When Kenya’s Sabastian Sawe crossed the finish line at the London Marathon on April 26, an Adidas attendant was waiting on the sidelines to collect his shoes. The attendant wrote Sawe’s record-breaking time, 1:59.30, on the side of the shoes, waited for him to take some photos with them, and then whisked them off to Adidas’s archives in Herzogenaurach, Germany.
In that moment, the Adidas Adizero Adios Pro Evo 3 became the fastest shoe in the world.
Sawe was the first person to ever run a sub-two-hour marathon in an official race, followed closely by Ethiopia’s Yomif Kejelcha, who finished with a time of 1:59.41. Fellow Ethiopian Tigist Assefa set a women’s world record of 2:15.41. All three of these runners, who are official Adidas partners, wore the Evo 3.

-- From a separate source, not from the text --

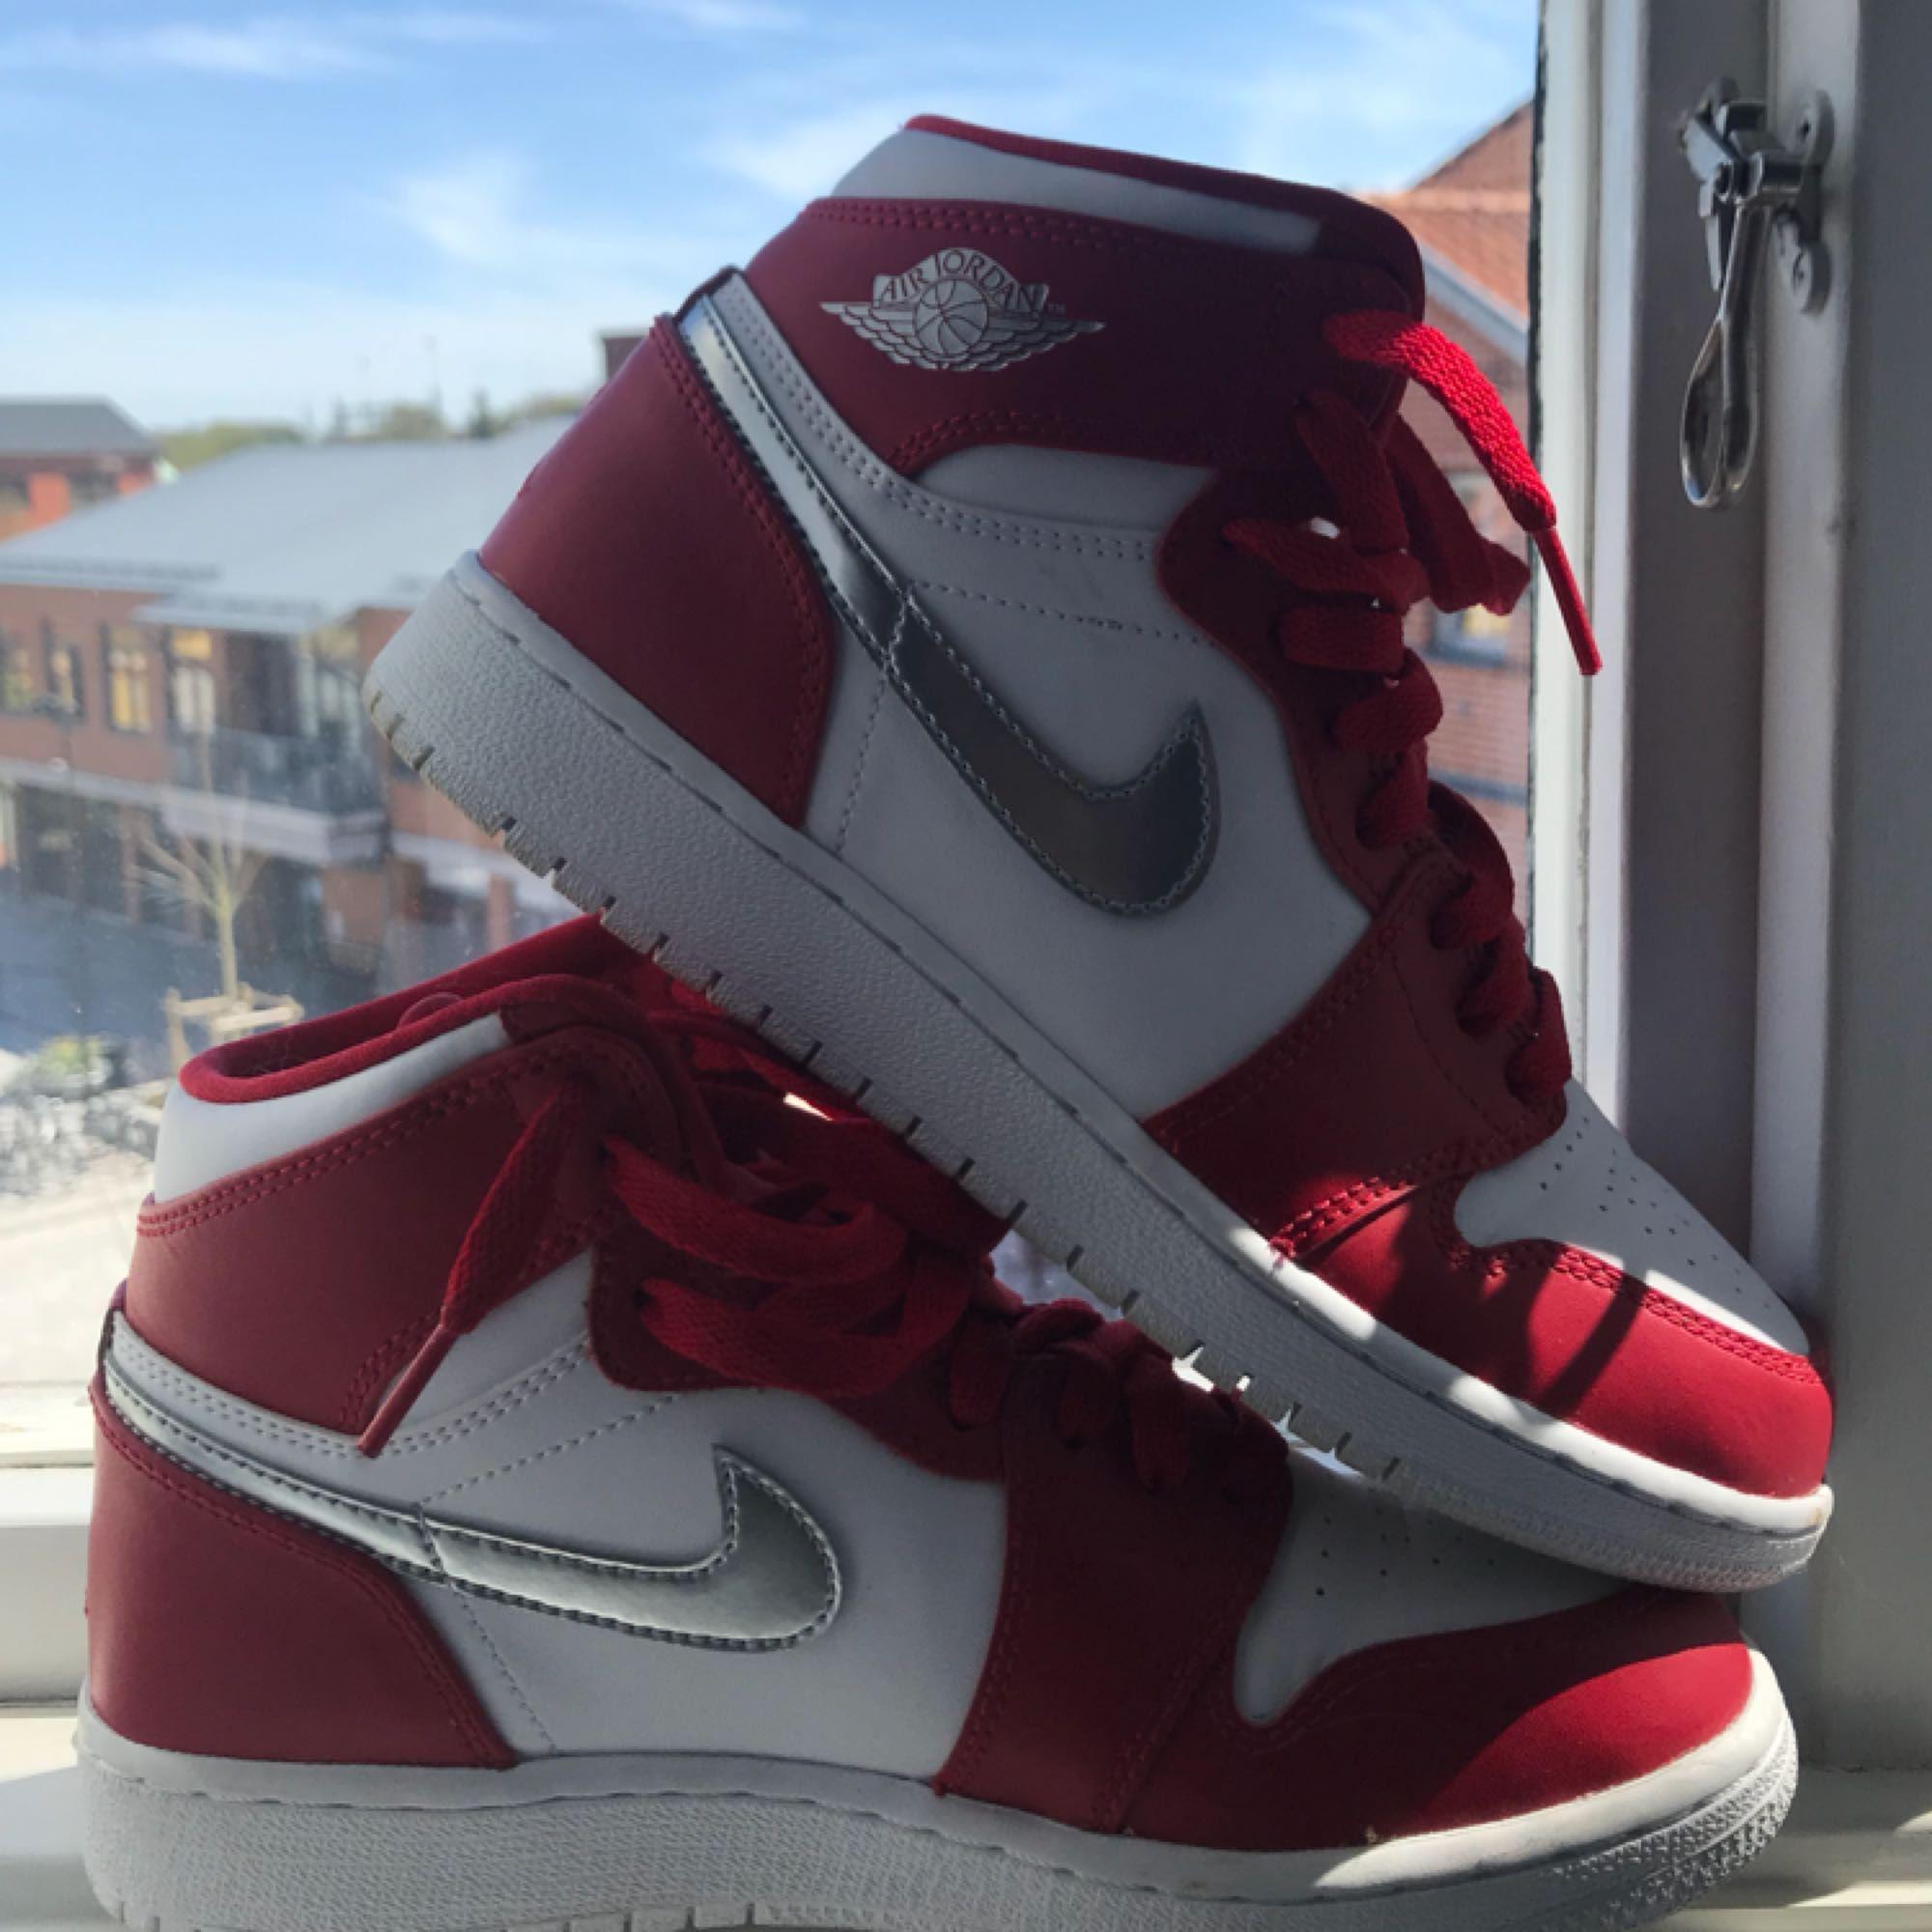 223d4e3333f Riktigt käcka Air Jordan 1 endast - Nike Skor - Second Hand

The Evo 3 is the lightest, fastest race shoe Adidas has ever made. Its design is changing the game for every other athletic company on the market.
In the days since the race, awareness of the Evo 3, which Adidas first unveiled on April 23, has skyrocketed. Marc Makowski, Adidas’s SVP of innovation, says an initial limited launch of 200 pairs sold out in less than two minutes (they’re already reselling online for up to $4,000). Adidas expects to drop several more limited runs of the shoe in the coming months, followed by a more broadly available commercial iteration of the design around the Berlin Marathon in September.

But, for Adidas, the Evo 3 represents much more than its potential commercial success: It’s proof, on the world stage, that the brand is on the cutting edge of marathon running innovation. That’s a status that other brands have been doggedly competing to achieve, including Nike with its Alphafly 3 (worn by the previous all-time marathon record holder, Kelvin Kiptum), On with its LightSpray technology, and Asics with its Metaspeed Edge.
“Marathon racing is, in our industry, a bit like F1 in the automotive industry,” Makowski says. “It’s become that battleground where, as a brand, if you want to showcase your performance credibility, that’s where you do it.”